Leveraging Online Redo Logs and Archiving

In RAC, each database instance has its own set of online redo log files, called a thread. Online redo log files are aggregated into groups within their instance's thread. In case you were wondering: single-instance Oracle behaves the same way, although you do not normally notice it! Thread 1 belongs to the instance (there is a one to one mapping between instance and database in this setup). Information about the thread number is available in V$LOG and related views.

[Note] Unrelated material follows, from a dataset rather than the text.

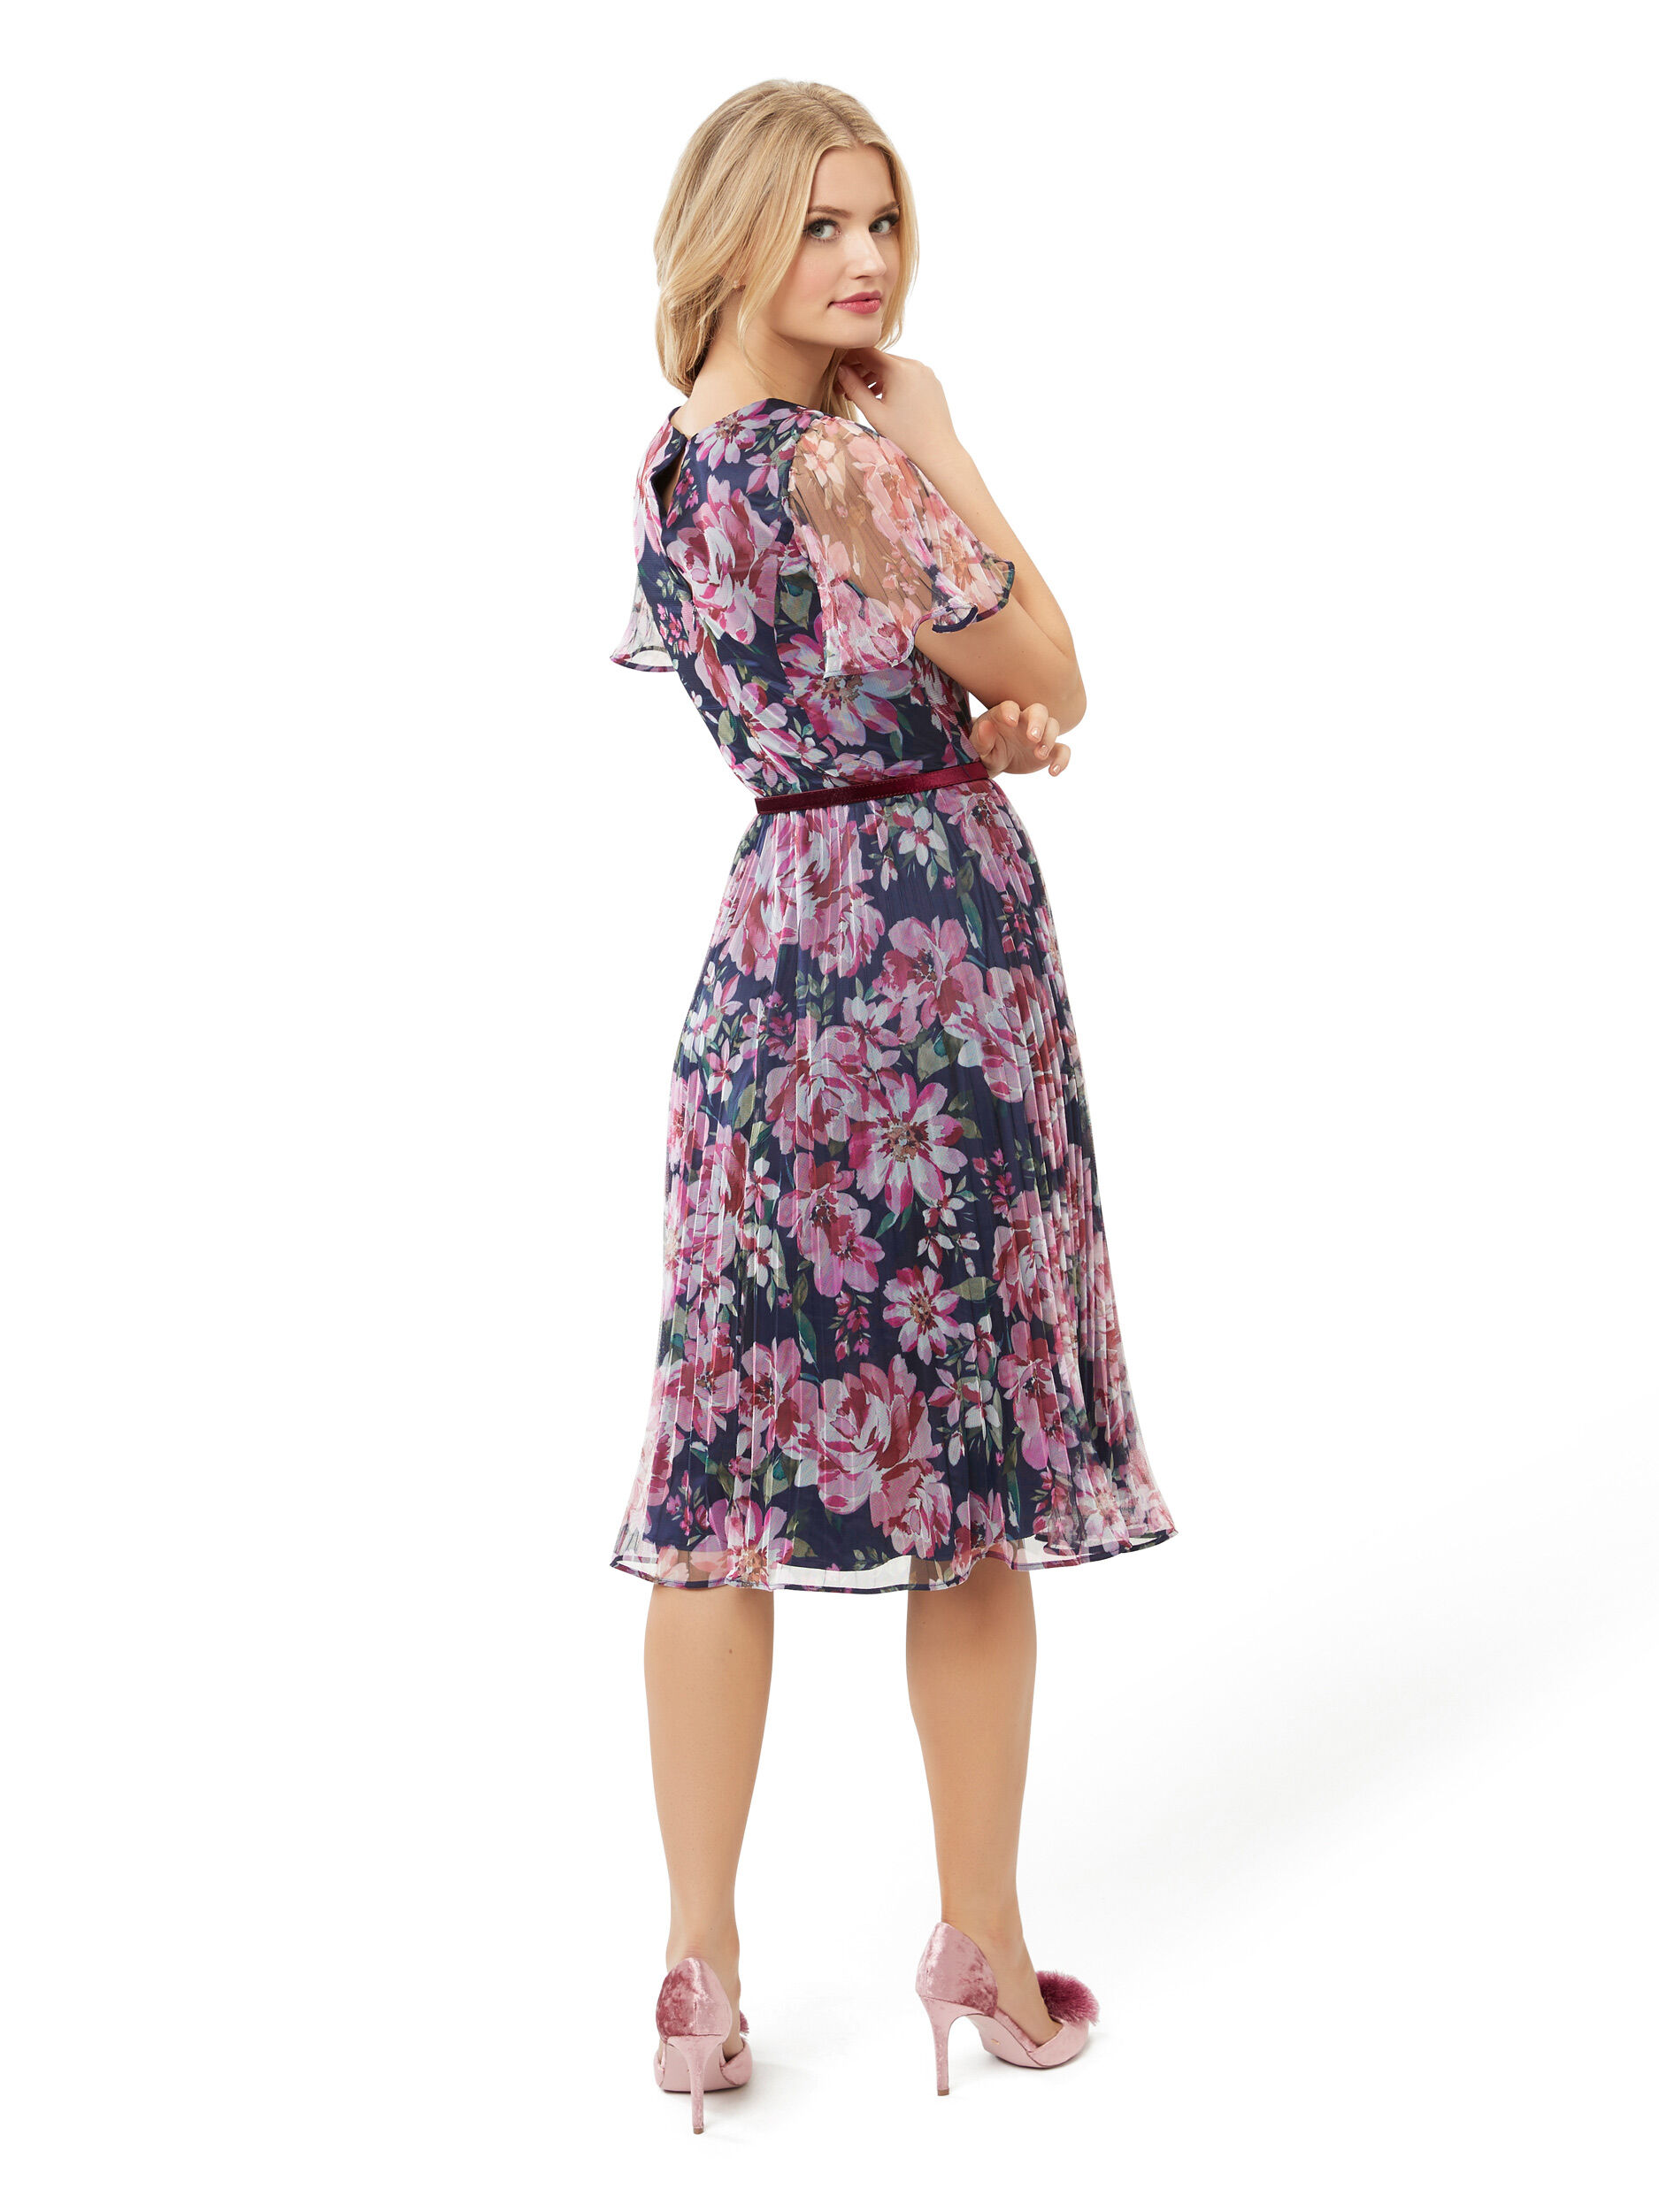 Oh Kate Dress

You need two groups of online redo logs per thread, and you should also consider manually multiplexing the groups' members if not using ASM and a flash recovery area. The mapping between the instance and the thread is performed in the server parameter file: the initialization parameter "thread" maps the thread number to the instance. The convention is to map instance n is mapped to thread n; however, this is not required. In other words, you will find prod1.thread=1 in the spfile. An additional online redo thread is required when adding an instance to the cluster—this can be done in one of two ways. First, the administrator can use the alter database add logfile group x thread y SQL command in administrator-managed databases. Second, it can be done automatically by Oracle in policy-managed databases. A thread also needs to be enabled to be used by Oracle.

Note

A policy-managed database is a new way of managing a RAC database; it is explained in more detail in the "11.2 New Features" section later in this chapter.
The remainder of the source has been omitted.